The “resource file” referred to is a JSON file which associates the name of each resource with the information needed to use it. For a corpus resource, this is the resource’s URL and the Id for the associated language resource. A language resource just needs a URL and something to show that it is a language resource. The format is as follow:

{
    "<CorpusResourceId>": [ "<CorpusURL>", "<LanguageResourceId>" ],
    ...
    "<LanguageResourceId>": [ "<CorpusURL>", "LanguageResource" ],
    ...
}

for example:

{
   {
 "peter_rabbit": [ "https://www.issco.unige.ch/en/research/projects/callector/peter_rabbit",
                   "english_geneva" ],
 "alice_in_wonderland": [ "https://www.issco.unige.ch/en/research/projects/callector/alice_in_wonderland",
                          "english_geneva" ],
 "ogden_nash" : ["https://www.issco.unige.ch/en/research/projects/callector/LaraResourceContent/21_ogden_nash2",
                 "english_geneva"],
 "four_little_children" : ["https://www.issco.unige.ch/en/research/projects/callector/LaraResourceContent/35_four_little_children",
                           "english_geneva"],

 "tina_fer_i_fri": [ "https://www.issco.unige.ch/en/research/projects/callector/tina_fer_i_fri",
                     "icelandic_reykjavik" ],

 "the_boy_who_cried_wolf": [ "https://www.issco.unige.ch/en/research/projects/callector/the_boy_who_cried_wolf",
                             "farsi_geneva"],
 "bozboz_ghandi": [ "https://www.issco.unige.ch/en/research/projects/callector/bozboz_ghandi",
                    "farsi_geneva"],
 "EbneSina": [ "https://www.issco.unige.ch/en/research/projects/callector/EbneSina",
               "farsi_geneva"],
 "Arash": [ "https://www.issco.unige.ch/en/research/projects/callector/Arash",
            "farsi_geneva"],

 "hyakumankai_ikita_neko": [ "https://www.issco.unige.ch/en/research/projects/callector/hyakumankai_ikita_neko",
                             "japanese_canberra"],

 "dante": [ "https://www.issco.unige.ch/en/research/projects/callector/dante",
            "italian_swinburne"],
 "ungaretti": [ "https://www.issco.unige.ch/en/research/projects/callector/ungaretti",
                "italian_swinburne" ],

 "english_geneva": [ "https://www.issco.unige.ch/en/research/projects/callector/english",
                     "LanguageResource" ],
 "farsi_geneva": [ "https://www.issco.unige.ch/en/research/projects/callector/farsi",
                   "LanguageResource" ],
 "icelandic_reykjavik": [ "https://www.issco.unige.ch/en/research/projects/callector/icelandic",
                          "LanguageResource" ],
 "italian_swinburne": [ "https://www.issco.unige.ch/en/research/projects/callector/italian",
                        "LanguageResource" ],
 "japanese_canberra": [ "https://www.issco.unige.ch/en/research/projects/callector/japanese",
                        "LanguageResource" ]
}

It’s essential to use the right directory structure for your resources. We describe that, and also the format of the metadata. There is a script for automatically adding the metadata, and it also checks your directory structure.

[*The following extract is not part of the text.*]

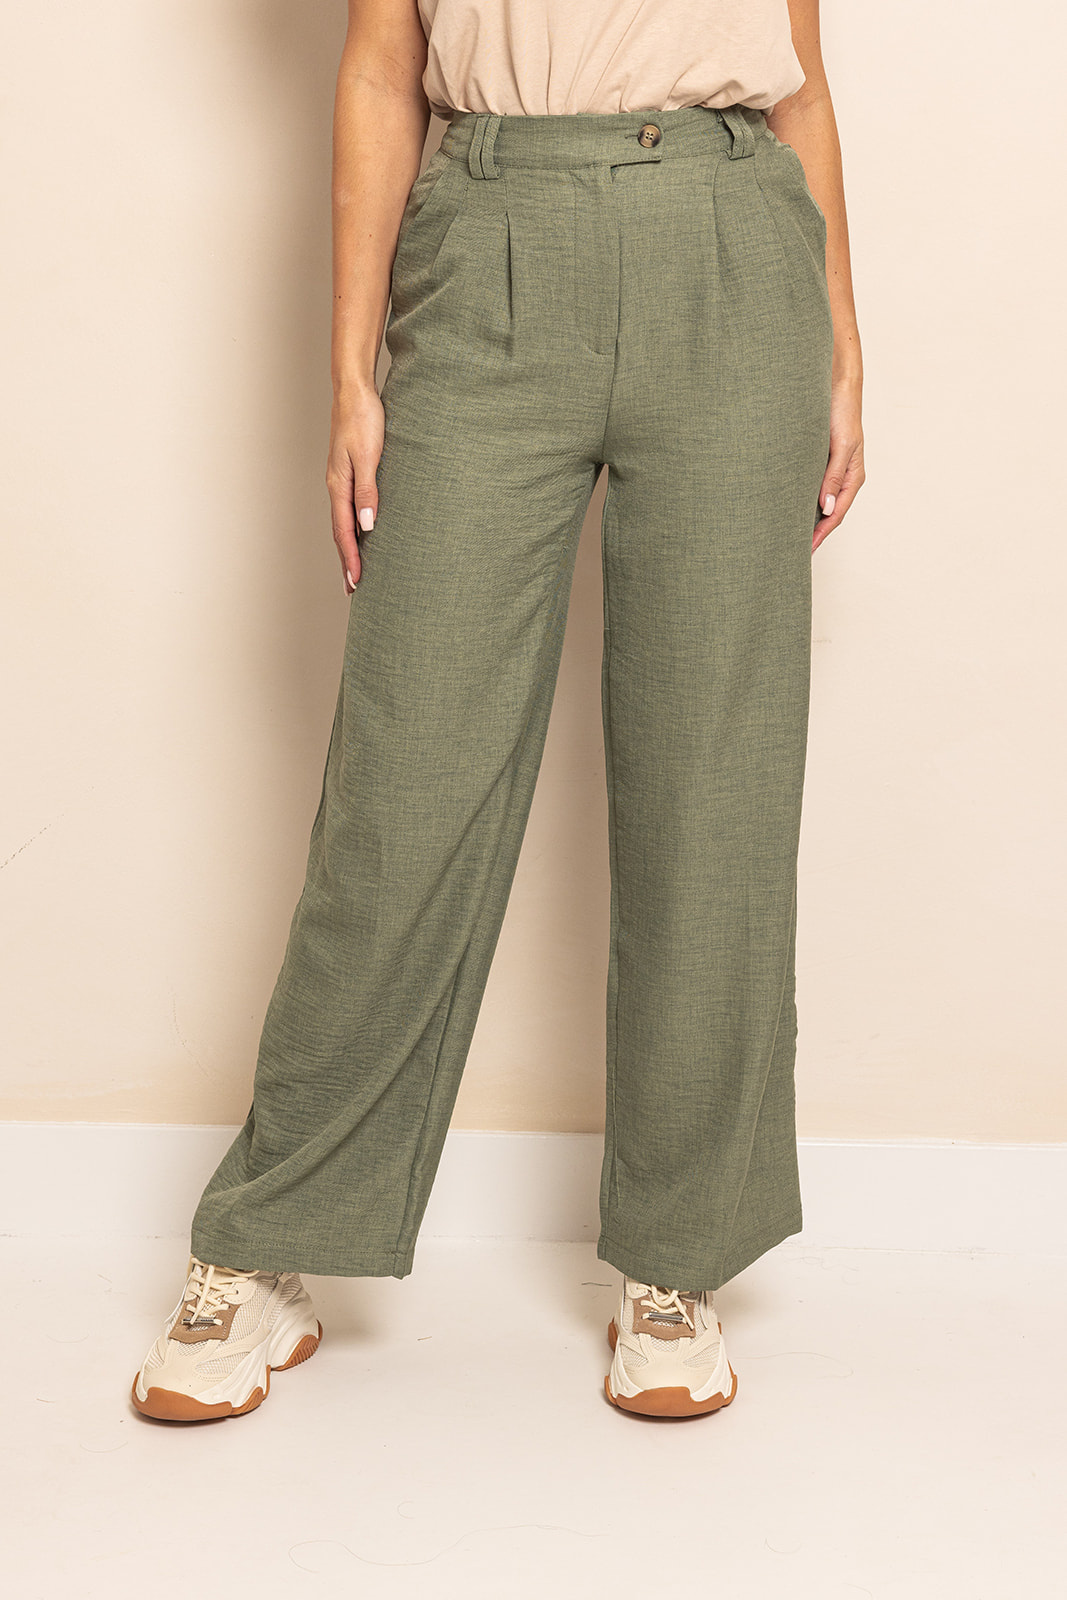 Linde Pantalon | Groen
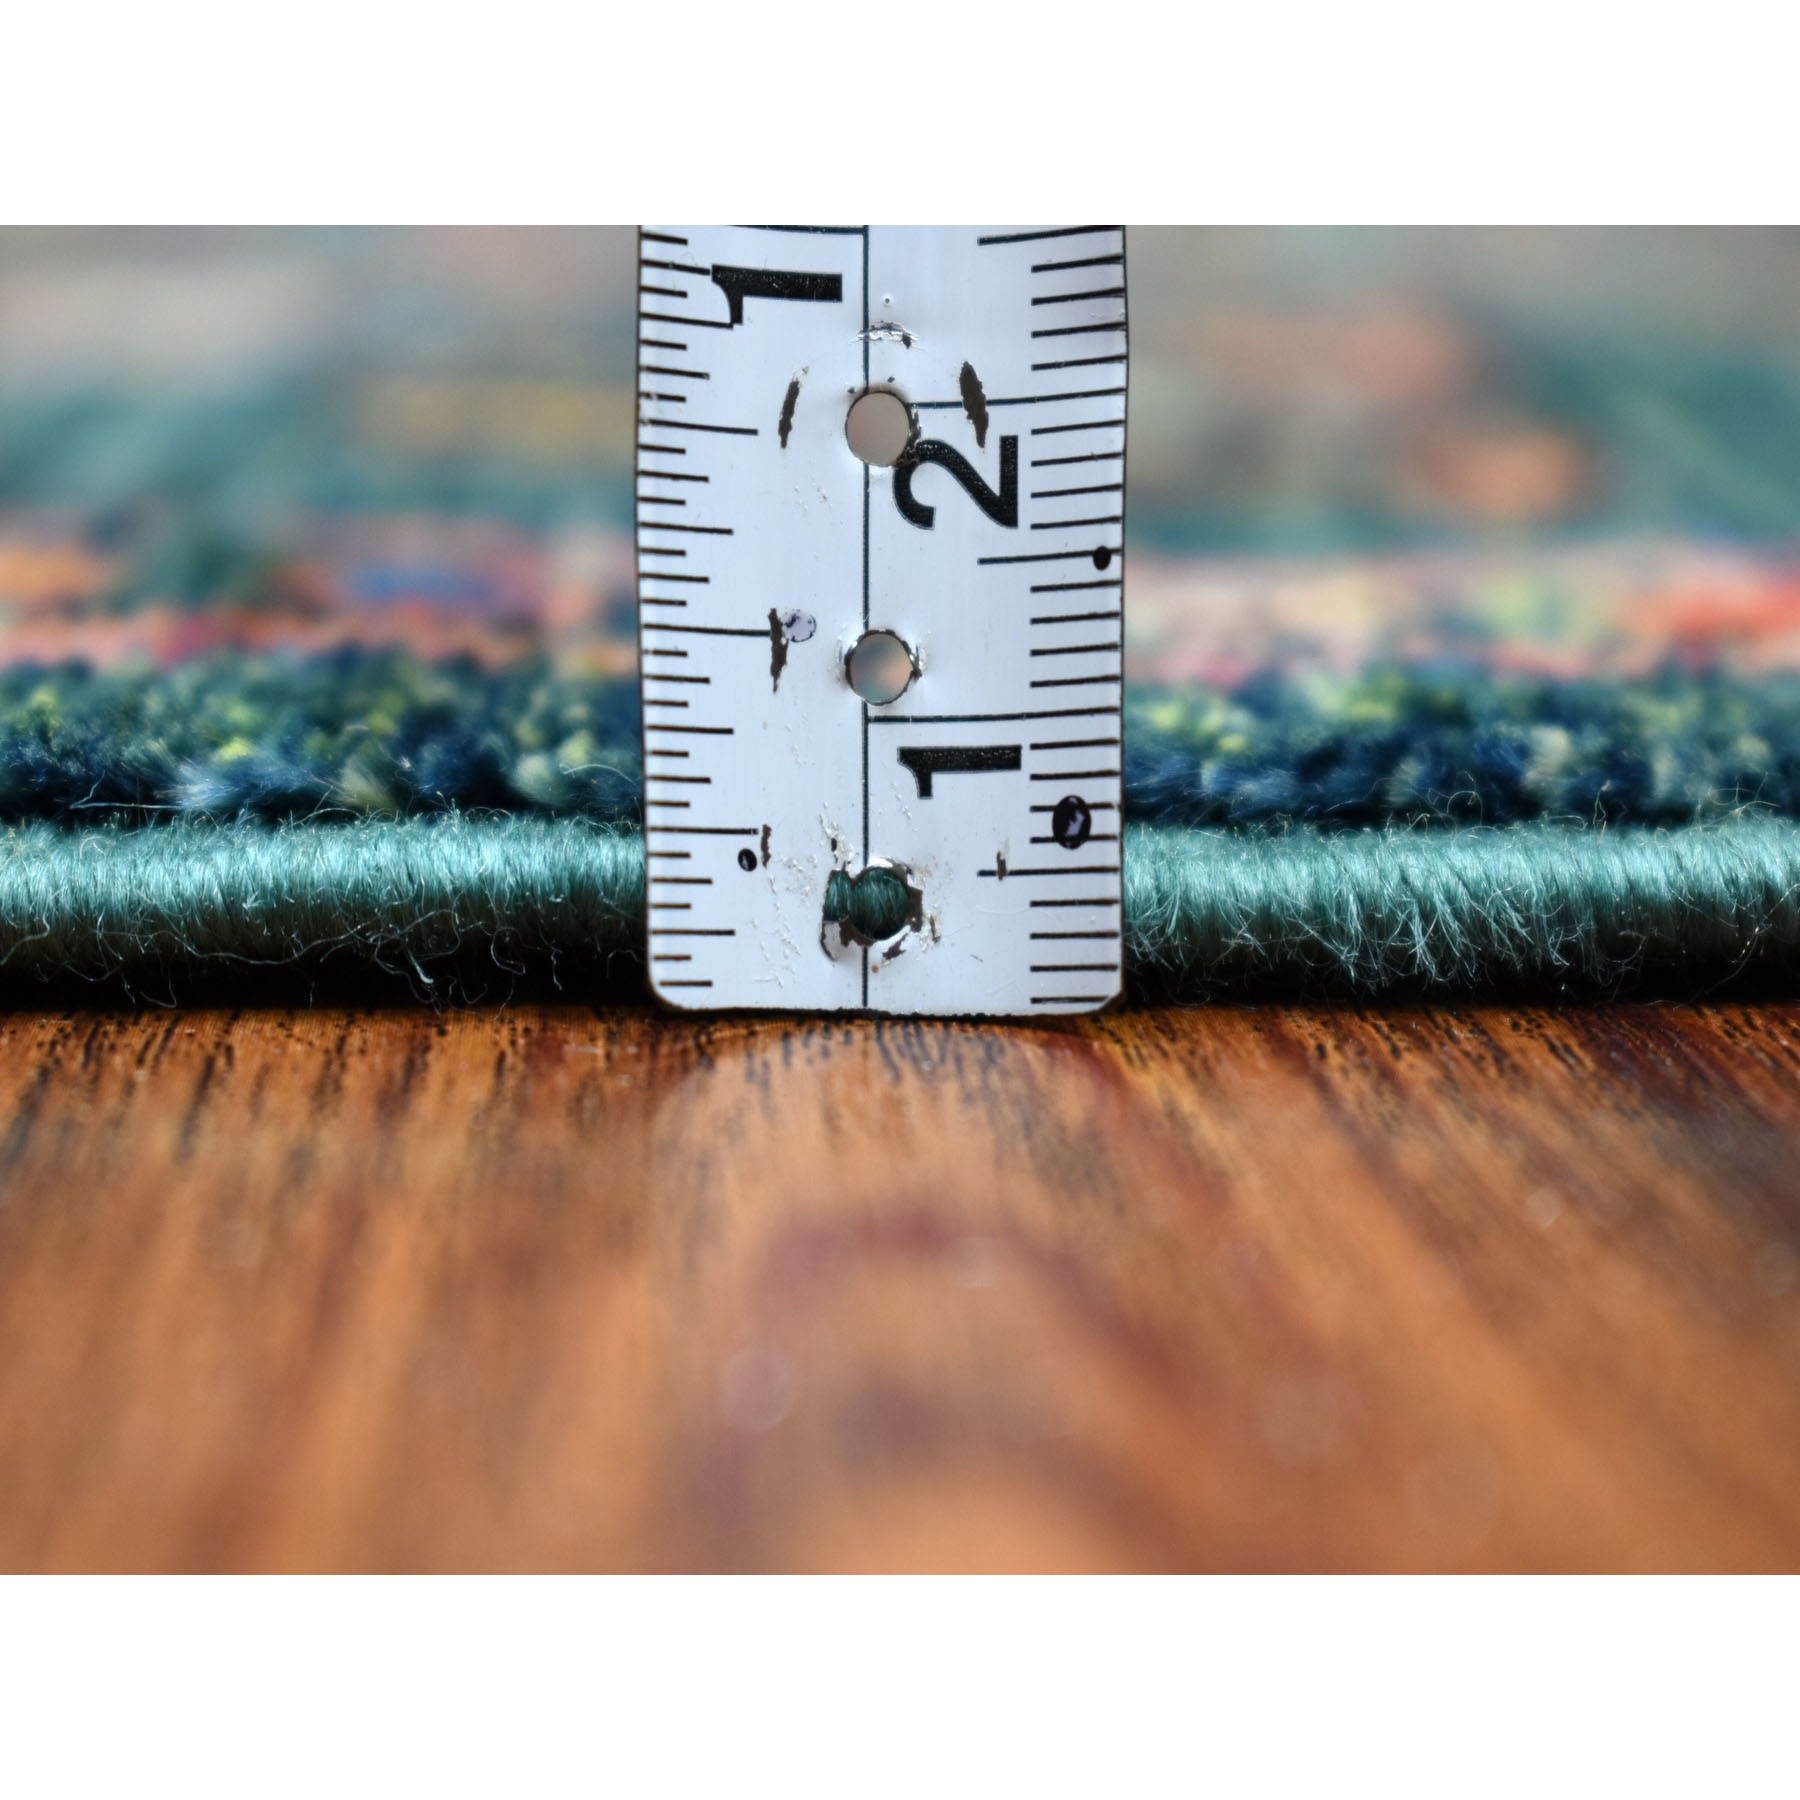 2-8 x4- Green Kashkuli Design Super Kazak Pictorial Hand Knotted Pure Wool Oriental Rug

Publishing distributed content

Before trying to make LARA resources available in distributed form, you should first be sure you can compile them as local resources. If you have organised the material according to the standard directory structure expected for distributed LARA resources - see immediately below - you will then only need to do the following:

  • Run a script to add metadata to your resource directory.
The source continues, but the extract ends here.